Consumption-based asset pricing with rare disaster risk
Joachim Grammig and
Jantje Sönksen
No 480, CFS Working Paper Series from Center for Financial Studies (CFS)
Abstract:
The rare disaster hypothesis suggests that the extraordinarily high postwar U.S. equity premium resulted because investors ex ante demanded compensation for unlikely but calamitous risks that they happened not to incur. Although convincing in theory, empirical tests of the rare disaster explanation are scarce. We estimate a disaster-including consumption-based asset pricing model (CBM) using a combination of the simulated method of moments and bootstrapping. We consider several methodological alternatives that differ in the moment matches and the way to account for disasters in the simulated consumption growth and return series.

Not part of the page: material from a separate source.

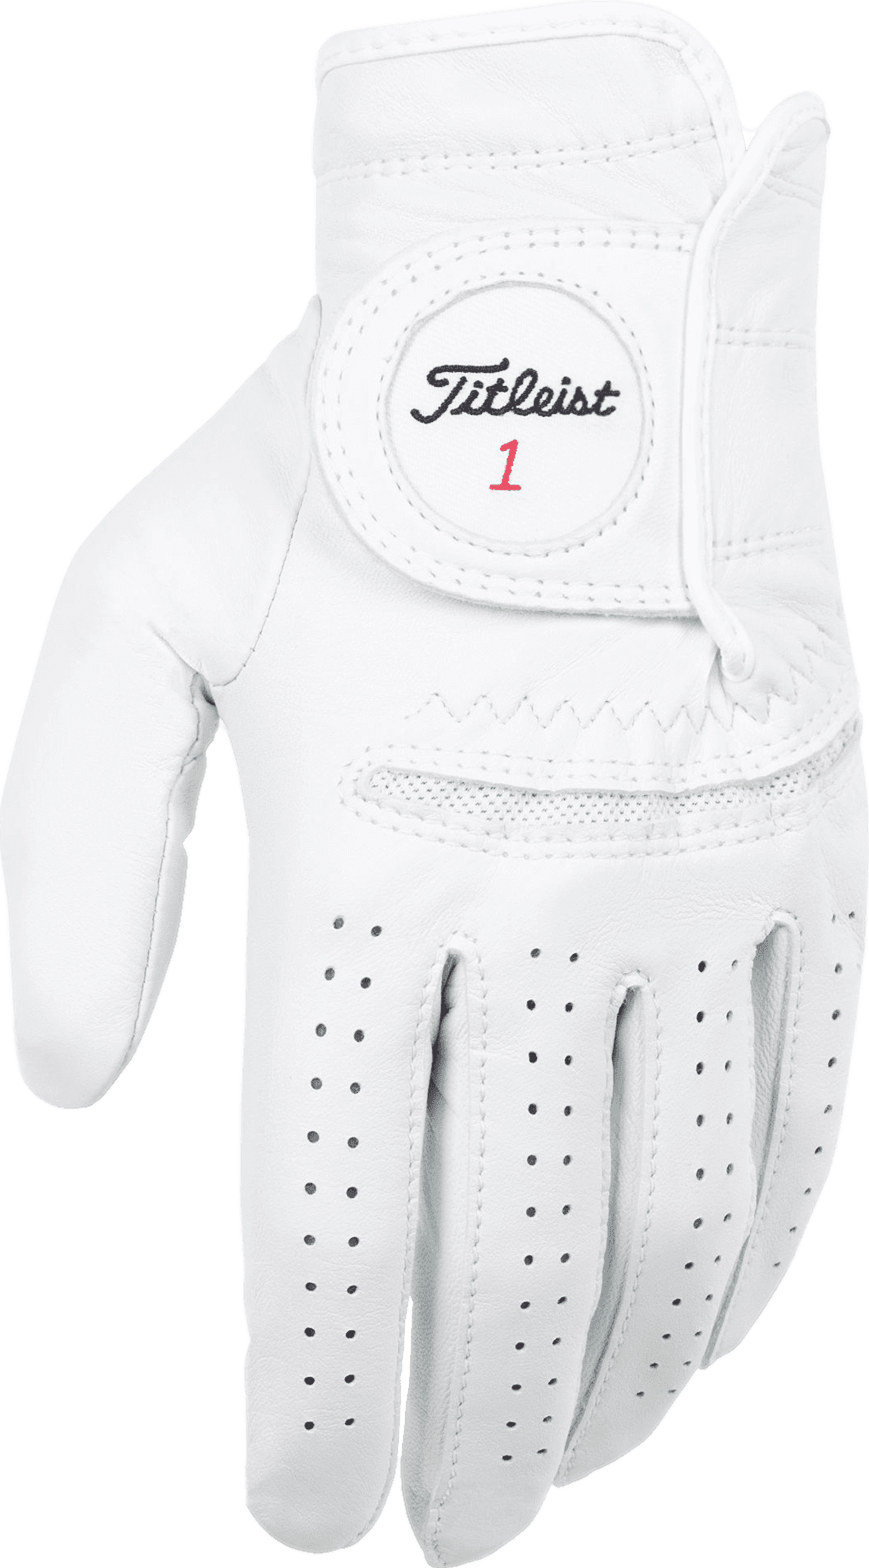 Titleist · Men's Perma-Soft Golf Gloves · Right Hand · L · Pearl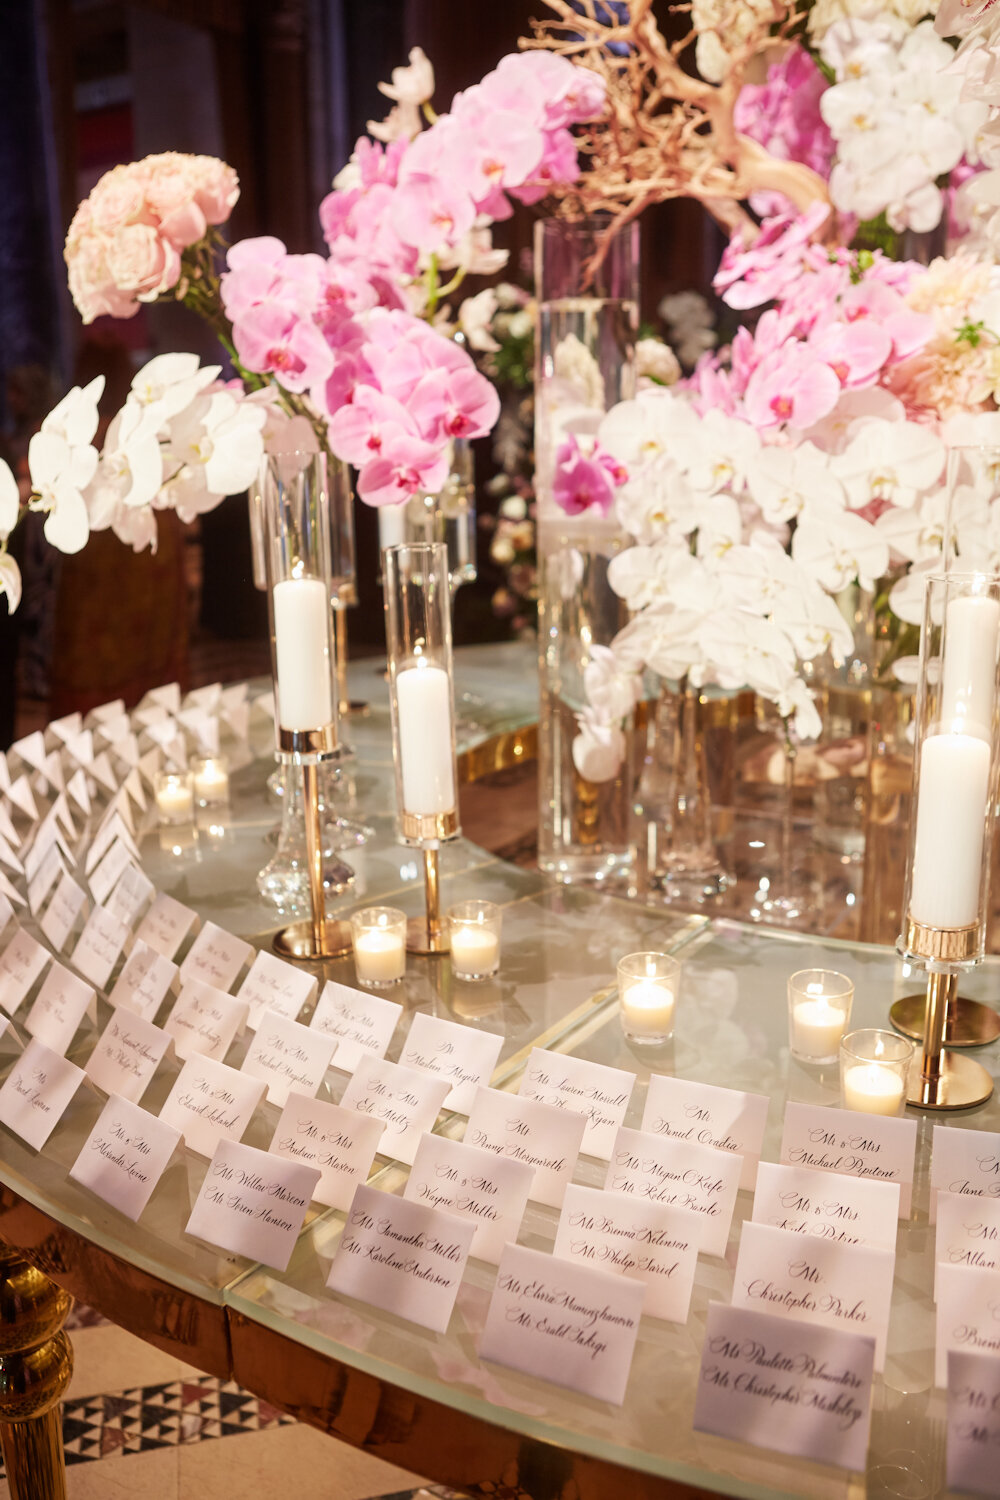 Cipriani 42nd Street wedding escort card table with calligraphy escort cards

Whichever specification is used, the estimated preference parameters are of an economically plausible size, and the estimation precision is much higher than in previous studies that use the canonical CBM. Our results thus provide empirical support for the rare disaster hypothesis, and help reconcile the nexus between real economy and financial markets implied by the consumption-based asset pricing paradigm.
Keywords: equity premium; rare disaster risk; asset pricing; simulated method of moments (search for similar items in EconPapers)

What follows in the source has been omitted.